Submitted via IRC for Fnord666
[...] "Normal plastic is transparent for terahertz beams, in a similar way as glass is for visible light," explains Prof. Andrei Pimenov from the Institute of Solid State Physics at TU Wien. "However, terahertz waves slow down a little when they pass through plastic. This means that the crests and troughs of the beam become a little displaced -- we call that phase shifting."
This phase shifting can be used to shape a beam. Exactly the same thing happens -- in a much simpler form -- with an optical lens made of glass: when the lens is thicker in the middle than on the edge, a light beam in the middle spends more time in the glass than another beam that simultaneously hits the edge of the lens. The light beams in the middle are therefore more phase delayed than the light beams on the edge. This is exactly what causes the shape of the beam to change; a wider beam of light can be focussed on a single point.
And yet the possibilities are still far from being exhausted. "We didn't just want to map a wide beam to a point. Our goal was to be able to bring any beam into any shape," says Jan Gosporadic, a PhD student in Andrei Pimenov's team.
Source: https://www.sciencedaily.com/releases/2018/07/180711122332.htm
(Score: 4, Interesting) by SparkyGSX on Thursday July 12 2018, @02:33PM (4 children)

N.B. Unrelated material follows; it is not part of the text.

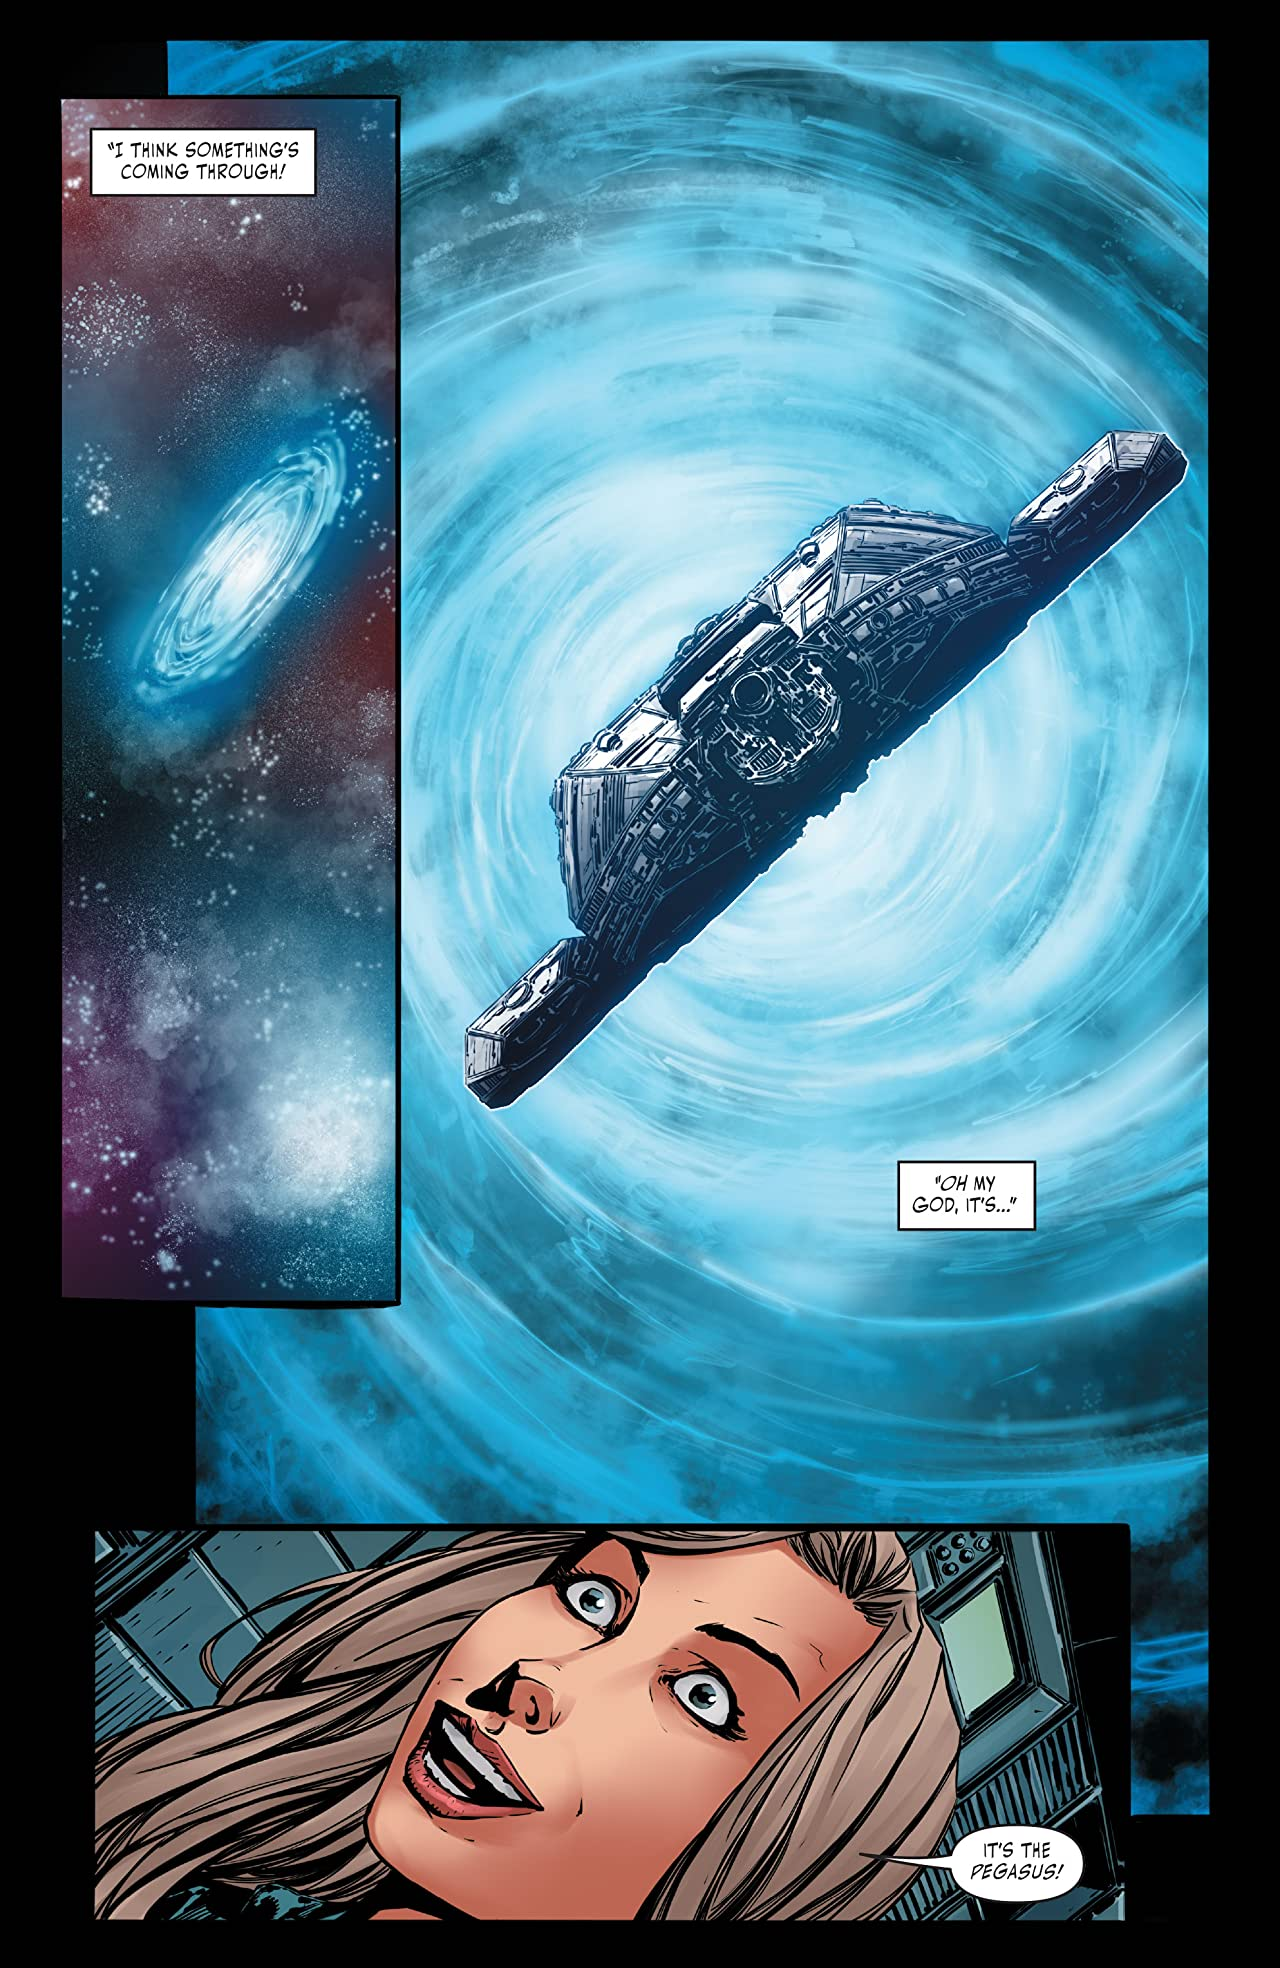 Battlestar Galactica Vs. Battlestar Galactica #3

Optical lenses work because of the different refractive index of the media (like air and glass). While this does depend on the speed of light in the media, the thickness of the glass does not matter. This is proven by the fact that fresnel lenses also work.
I'd expect better from a physicist with a PhD. Maybe it was just the journalist who misunderstood, most of the don't really understand anything other than writing.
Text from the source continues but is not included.